Multi-Region strong consistency with Amazon DynamoDB global tables (DAT425-NEW)

Here is a detailed summary of the video transcription in markdown format:

Multi-Region Strong Consistency for Amazon DynamoDB Global Tables

Overview

  • Amazon DynamoDB's Global Tables feature provides multi-region, multi-active replication, allowing data to be replicated across multiple AWS regions.
  • The new "Multi-Region Strong Consistency" feature, currently in preview, allows building globally distributed applications with a recovery point objective (RPO) of zero.

DynamoDB Consistency Models

Single-Region Tables

  • In a single-region table, updates made using the UpdateItem API are eventually consistent by default.
  • To ensure strong consistency, the ConsistentRead parameter can be set to true for GetItem calls.

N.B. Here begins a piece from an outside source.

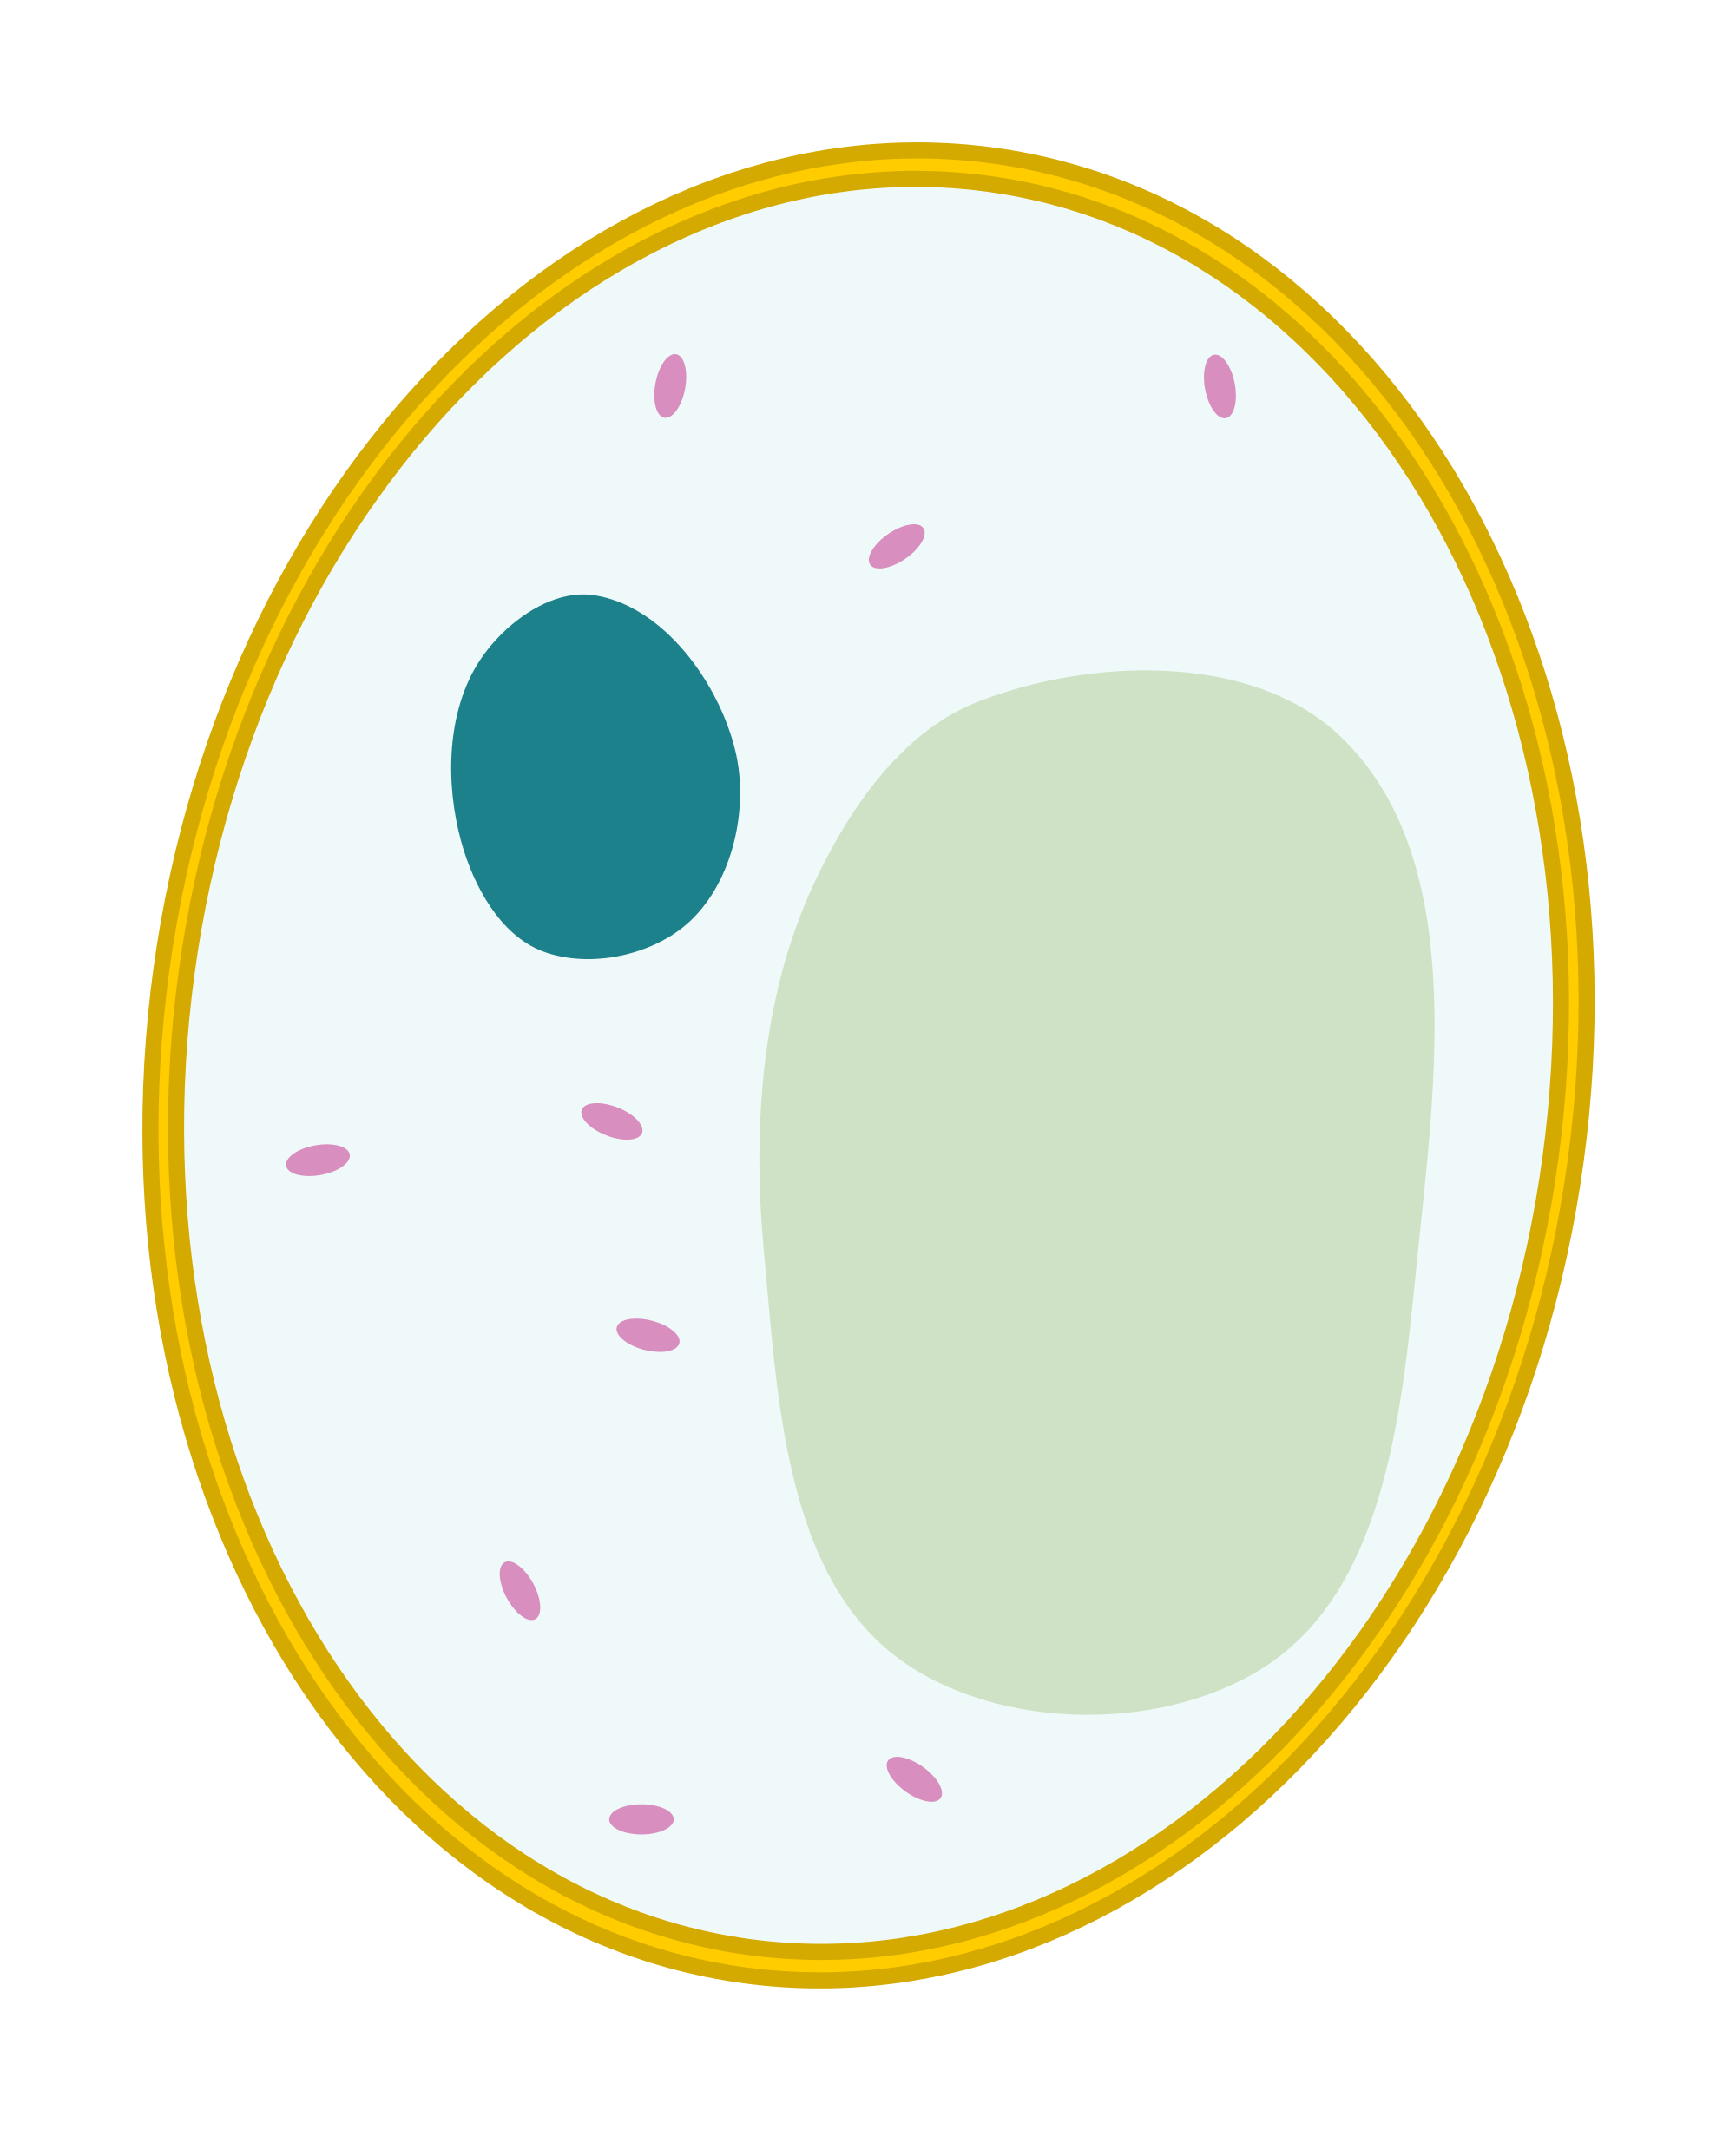 Animal Cell Diagram Without Labels - ClipArt Best

Global Tables (Eventual Consistency)

  • In a Global Table, replicas are eventually consistent across regions.
  • Strongly consistent reads in one region may return stale data if an update was made in another region.
  • Conflict resolution uses a "last writer wins" approach based on timestamp.

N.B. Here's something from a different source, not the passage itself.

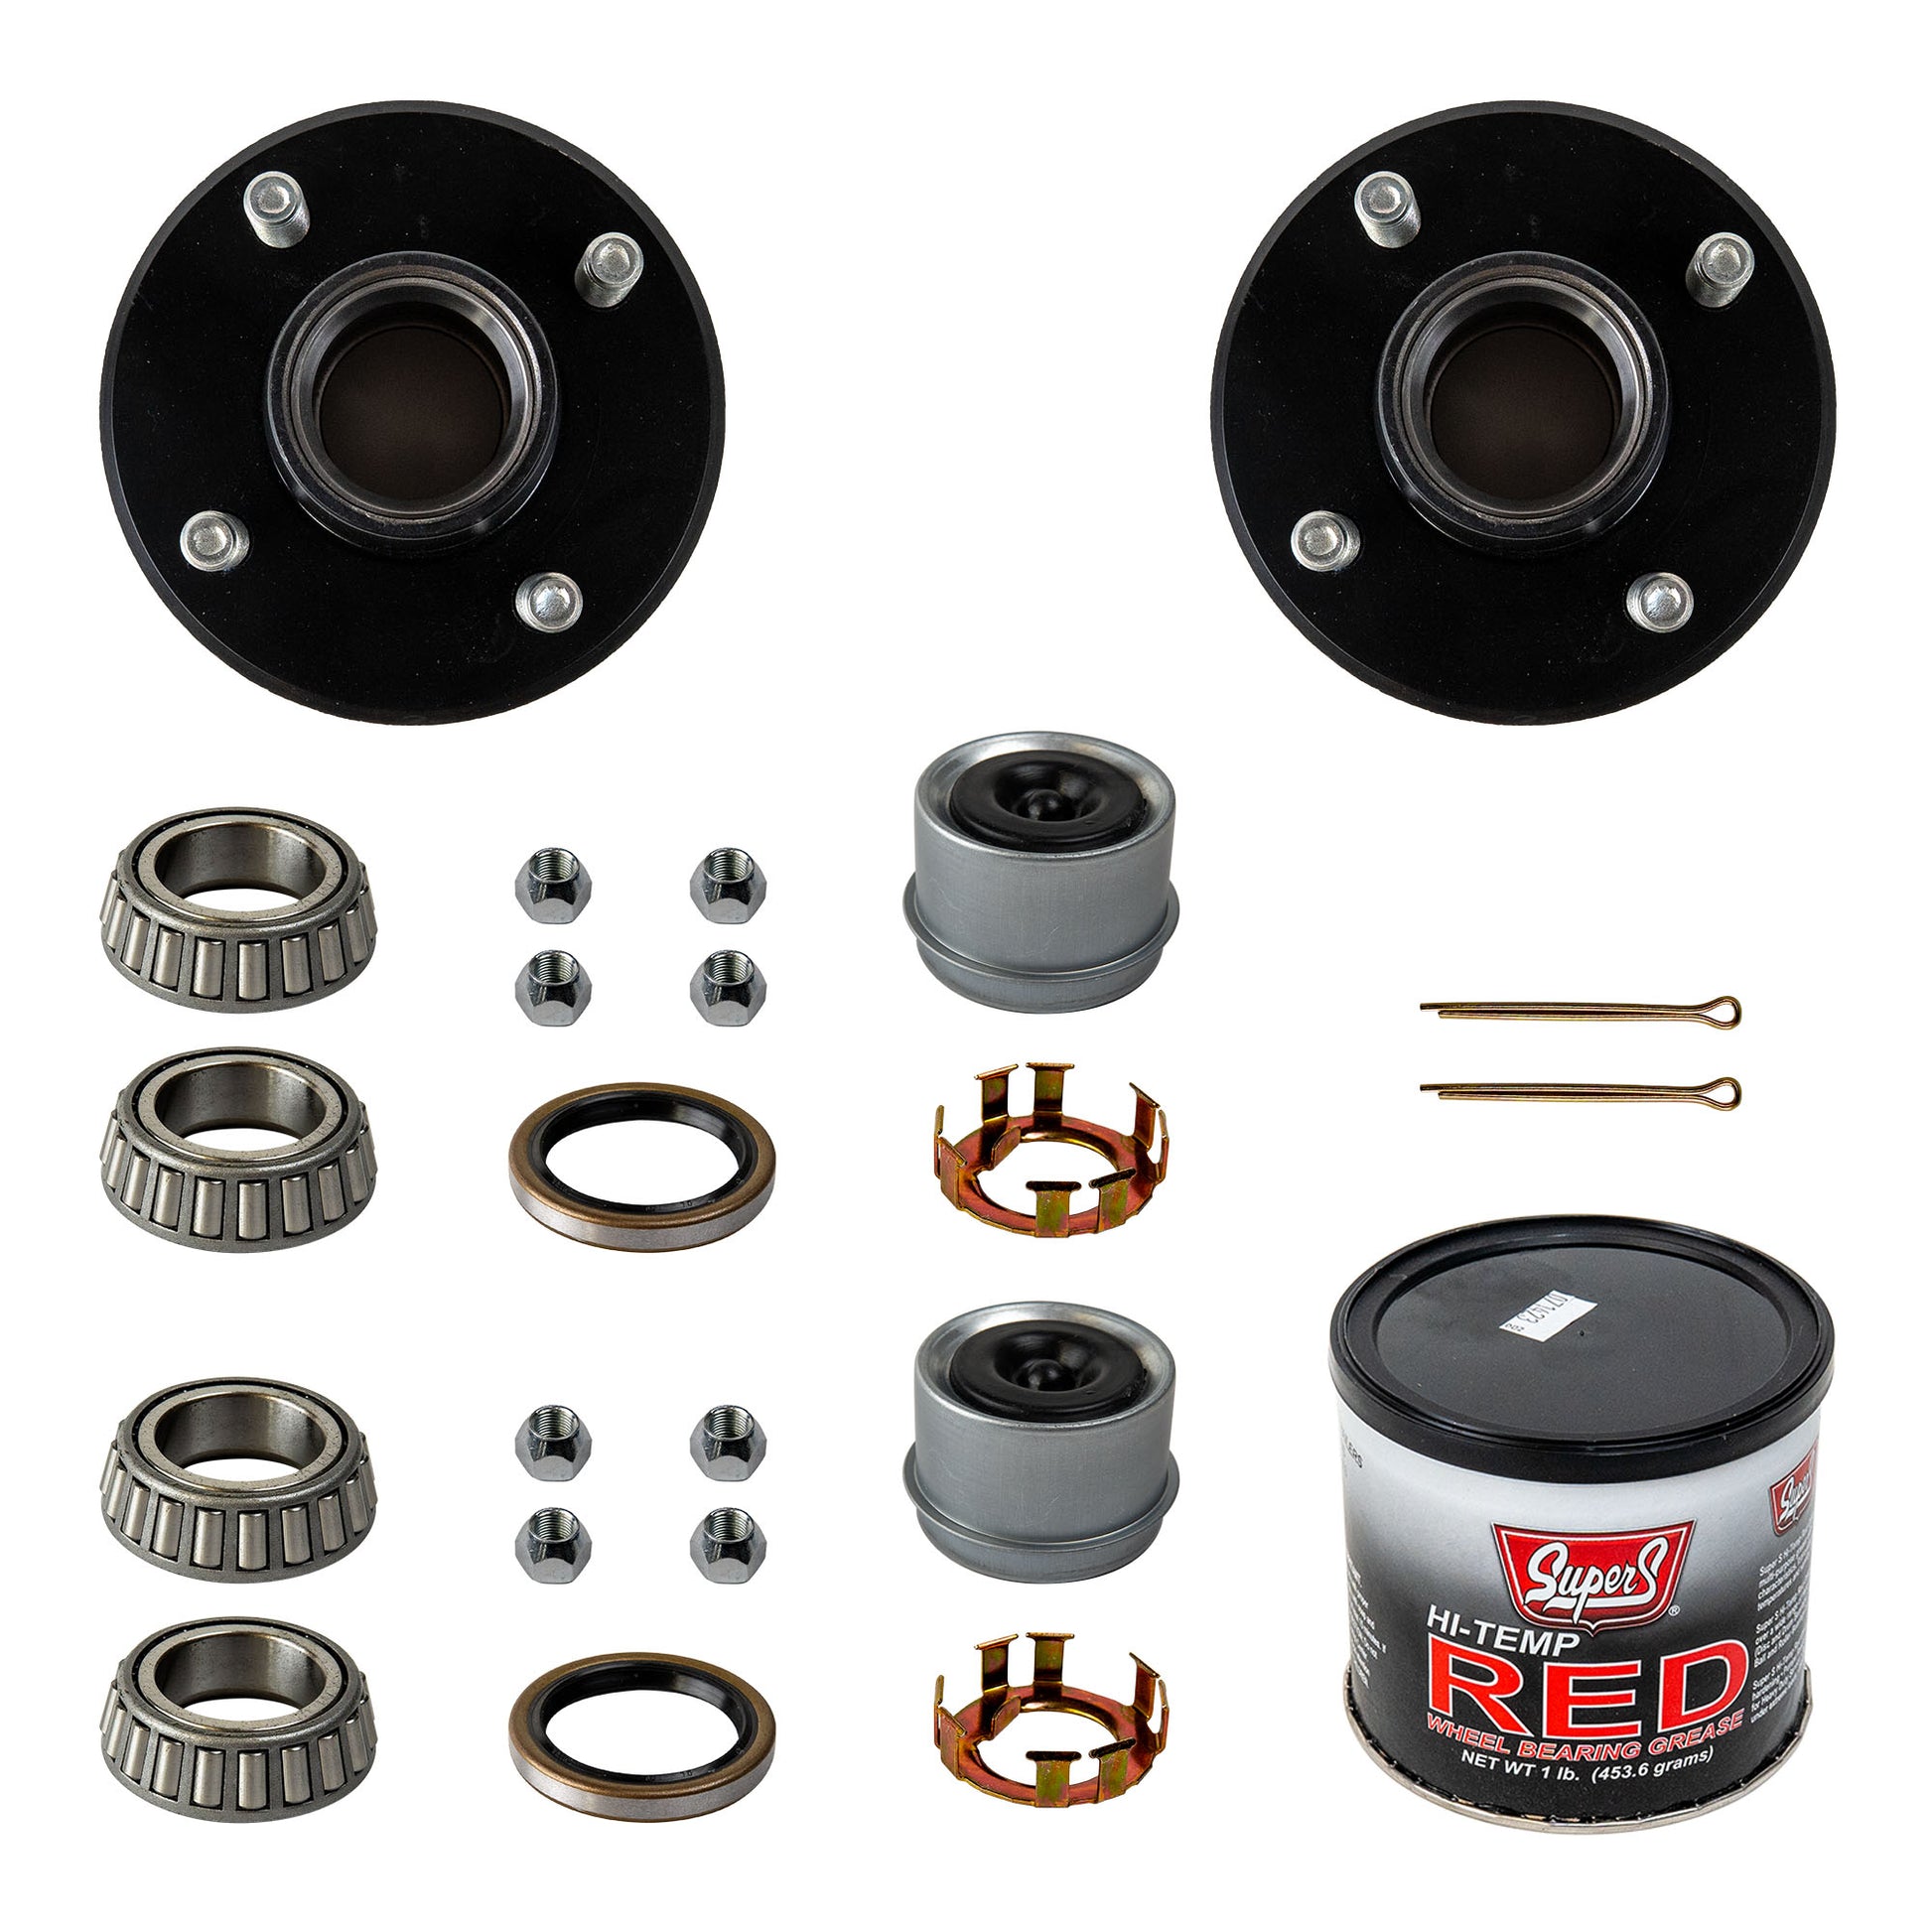 2k Trailer Axle Hub - 4 or 5 Lug - The Trailer Parts Outlet

Global Tables (Multi-Region Strong Consistency)

  • With multi-region strong consistency, replication between regions is strongly consistent.
  • Strongly consistent reads in any region will always return the latest data, regardless of where the update was made.
  • Conflict resolution is handled differently - if two regions try to update the same item concurrently, a "replicated write conflict" exception is thrown, which can be retried by the application.
  • This ensures an RPO of zero, as the data is always available and consistent across regions.

Use Cases

  • Multi-region strong consistency is particularly useful for applications that cannot tolerate any data loss, such as financial transactions.
  • It also allows getting data closer to users while still maintaining strong consistency, although with higher read and write latencies compared to eventual consistency.

Preview Limitations and Considerations

  • Multi-region strong consistency is currently in public preview and not recommended for production use.
  • The preview supports only three regions: US-East-1, US-East-2, and US-West-2.
  • Replicas within a Global Table must all use the same consistency mode (strong or eventual).

Demo

  • The presenter demonstrates the differences between eventually consistent and multi-region strongly consistent Global Tables, showing how concurrent writes and strongly consistent reads behave in each case.

Replication Internals

  • DynamoDB uses a "write-ahead log" approach for regional replication within a single DynamoDB table.
  • For Global Tables, each region has a replication engine that asynchronously replicates changes to the other regions.
  • Multi-region strong consistency uses a "multi-region journal" to serialize writes across regions and ensure strong consistency.

Failure Scenarios

  • In case of regional failures or network partitions, eventually consistent Global Tables remain highly available, but strongly consistent reads may return stale data.
  • Multi-region strongly consistent Global Tables maintain high availability for both reads and writes, even in failure scenarios, by leveraging the multi-region journal.

Confidence in the System

  • The presenters used formal modeling, chaos testing, and integration with AWS Fault Injection Service to validate the correctness and behavior of the multi-region strong consistency feature.
  • They also discussed the importance of anti-entropy processes to ensure replica convergence.

Conclusion

  • Eventually consistent and multi-region strongly consistent Global Tables each have their own trade-offs in terms of latency, consistency, and availability.
  • Customers should evaluate their application requirements and choose the appropriate Global Table consistency mode accordingly.